While it’s easy to think that the United States has cornered the market on the commoditization of young girls for the male gaze, in many ways we don’t hold a candle to — wait for it — Japan. Kyoko Miyake’s often-unnerving documentary Tokyo Idols looks at one of the more prominent aspects of this phenomenon: the 10,000 teenage girls called “idols,” and the $1 billion industry surrounding the worship of them by much older, purity-obsessed men. Miyake focuses on 19-year-old Rio as she struggles to maintain her singing career in spite of the unforgivable sin of growing too old to be an idol — a role she hadn’t wanted to play in the first place — and 43-year-old Koji, leader of the yellow-shirted Rio fan legion, who acknowledges that he lives vicariously through Rio to compensate for his disappointments in his own life.

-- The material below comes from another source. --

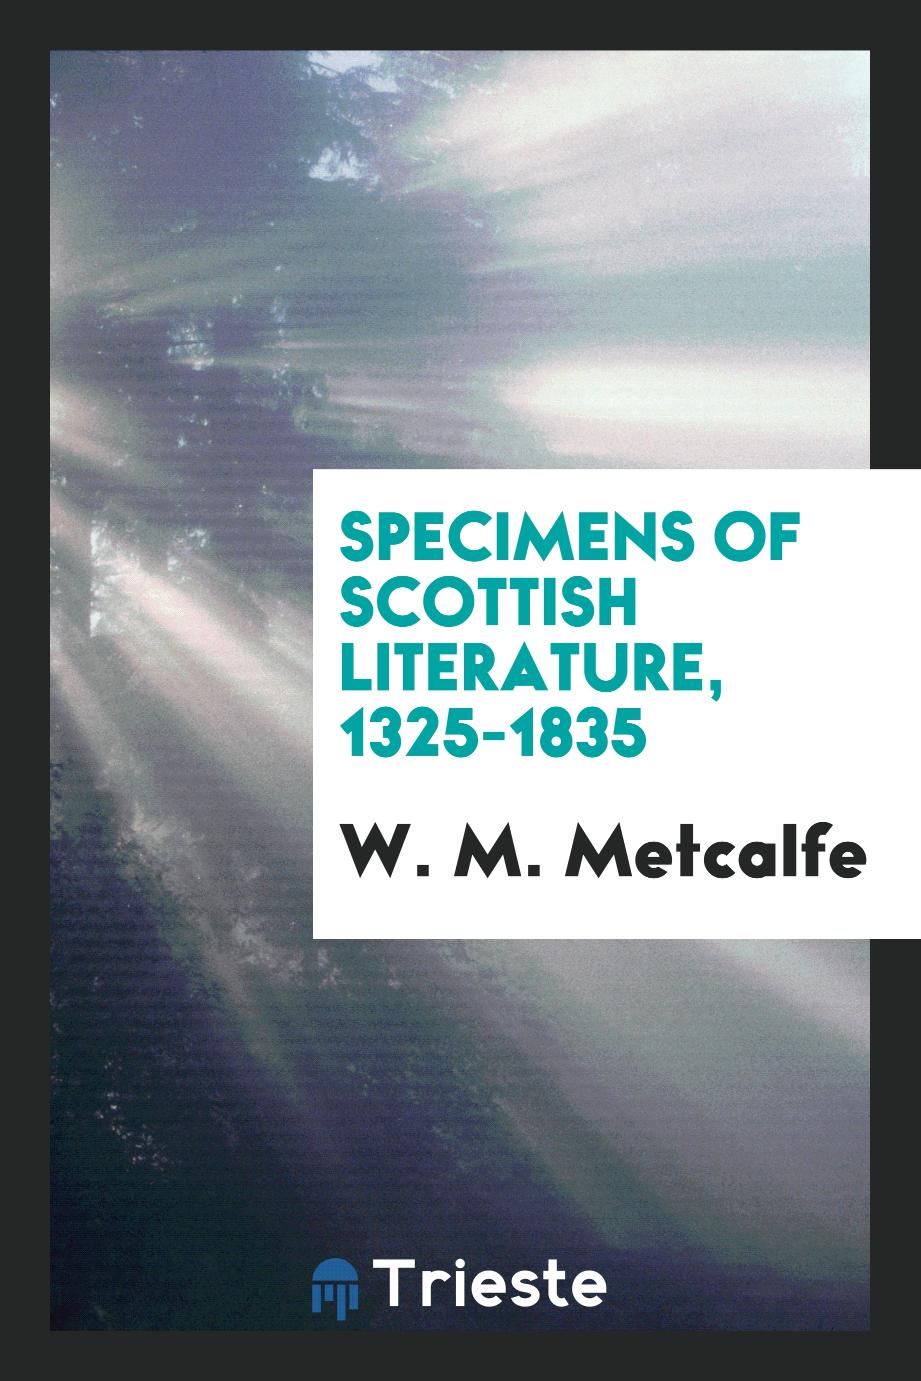 Specimens of Scottish literature, 1325-1835

Tokyo Idols also gives a necessary platform to journalist Minori Kitahara, a vocal critic of how the idol movement protects male fantasies and the objectification of women, for which she’s received major backlash. (See also: Sarkeesian, Anita.) Though not the most egregious age disparity on display, there may not be a creepier scene this year than when a 20-something fan describes giving his favorite idol, Amu, dance shoes for her 14th birthday. Fourteenth, Jesus.
Tokyo Idols
Not rated.
Opens Friday at the Roxie Theater.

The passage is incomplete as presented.